I examined the casing for a light, but there was nothing to indicate that the machine was working. I dabbed my finger against a dangling alligator clip. Nothing. I threw the switch on the side of the box. The heavy spring snapped the contacts together with a satisfying clack. I touched the clip again. The tiniest charge sprang off my finger, like static off a TV screen.
'Adam?'
She had changed into a cheongsam. It was gold, painted with flowers. She'd had to pull it up above her knees to climb the stairs and the material was still rucked up. She stooped and pulled it down around her ankles, smoothing the silk over her calves. Her breasts moved against the front of her dress. She stood up. Her belly was flat and hard. Her hip-bones jutting sharply against the narrow cut of the dress - two bright points, sheened by the naked electric light. 'What do you think?' Her grandmother's ruby glittered at her throat.
'I think you're beautiful,' I said.
'Yes?'
'You know what I think.'
She saw the machine in my hand. She came over and sat at my feet. As she sank to her knees, the long slit at the side of her dress opened to show me her thigh. She took the box from me. She saw the batteries there, and smiled.
'What?'
'Put your hand out,' she said. She clipped the wires to my skin: one on the web of my forefinger and thumb, two to the skin below my wrist, another two to the loose skin over my knuckles. She got me to squeeze the last one between my third and fourth fingers. The clips were only weakly sprung. They didn't hurt at all - just a slight tingle as they first touched my skin.

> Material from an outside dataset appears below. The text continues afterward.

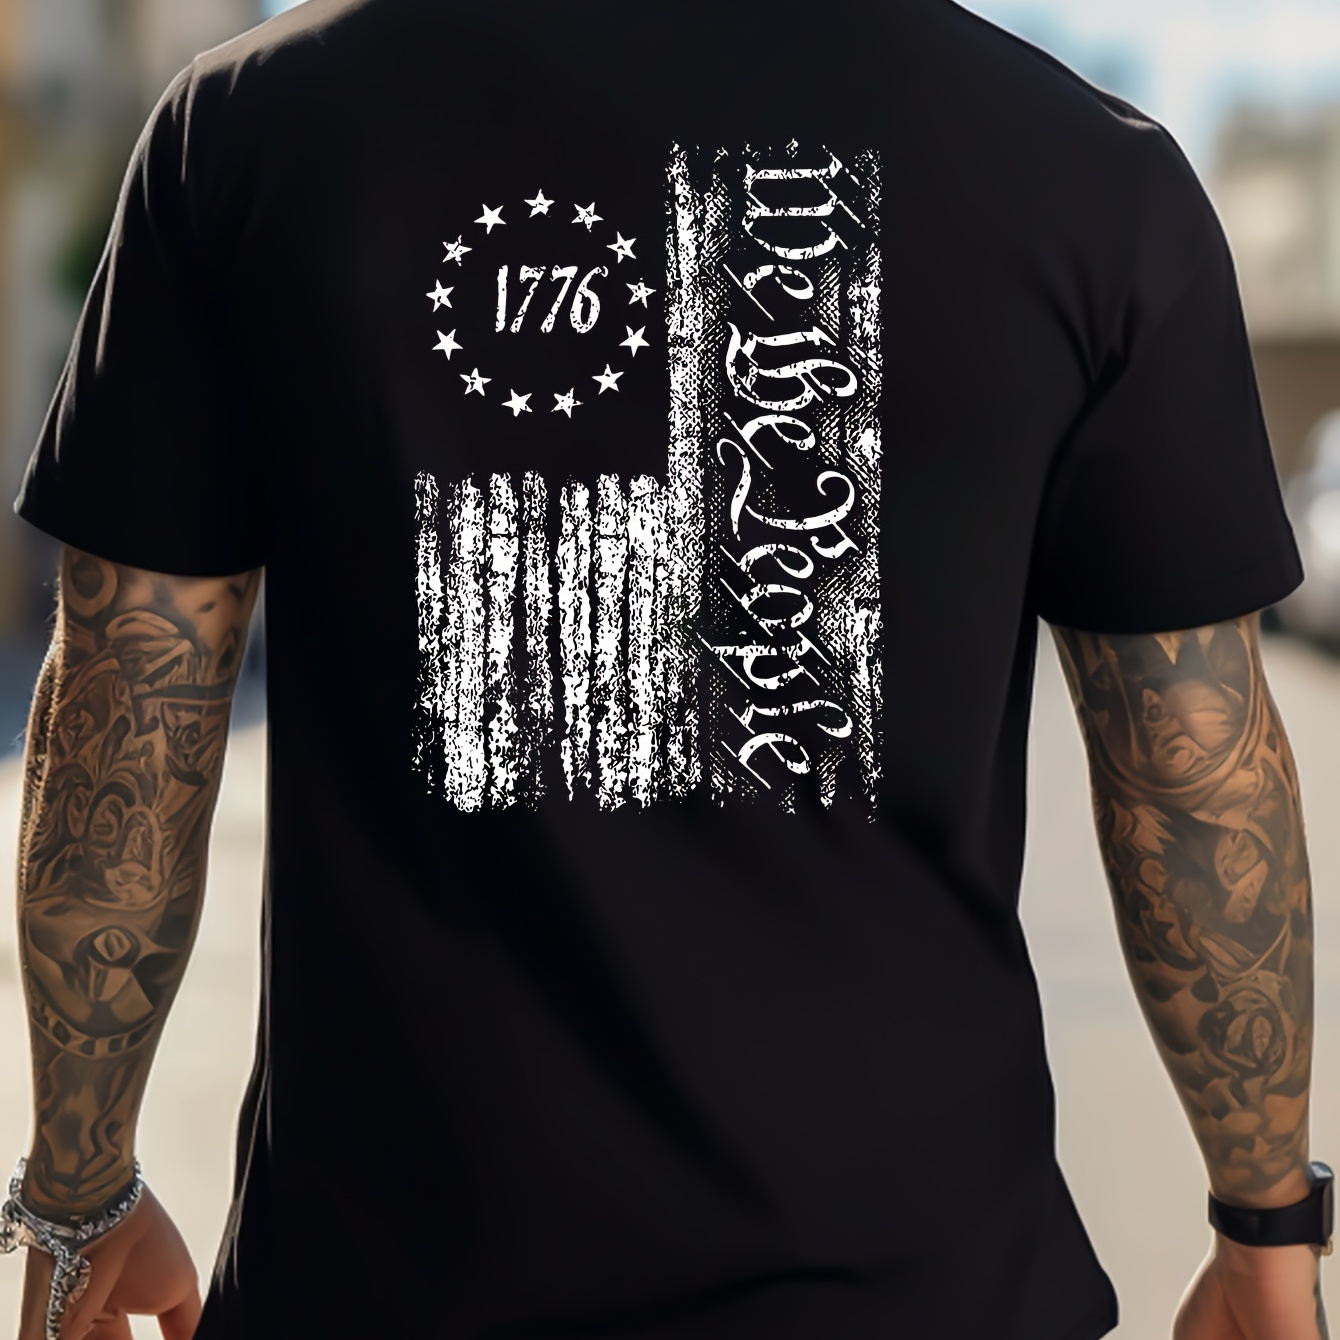 

1776 Flag And Star Print Tee Shirt, Tees For Men, Casual Short Sleeve T-shirt For Summer

She knew what she was doing.
'Zoe?'
There was an old trunk lying next to us. She had me lay my hand, palm down, on the worn leather surface.
'Zoe, please - '
'Do you remember Hong Kong?' she said, and turned the dial.
My hand swelled.
I felt it. It grew and grew. It became heavy. It tugged at my wrist. Pints of blood welled in my fingers. I felt the tips of my fingers filling like balloons, stretching, about to burst. My wrist twisted sickeningly. The sinew and linkage inside puffed and knotted, struggling to bear the heavy hand. The clips were expanding too. No matter how big my hand got, the clips grew at the same rate. Great metal jaws dragged at skin grown leathery and thick, like whale hide, and I could feel the way each layer of dermis tugged and clung, resisting the pull of the teeth.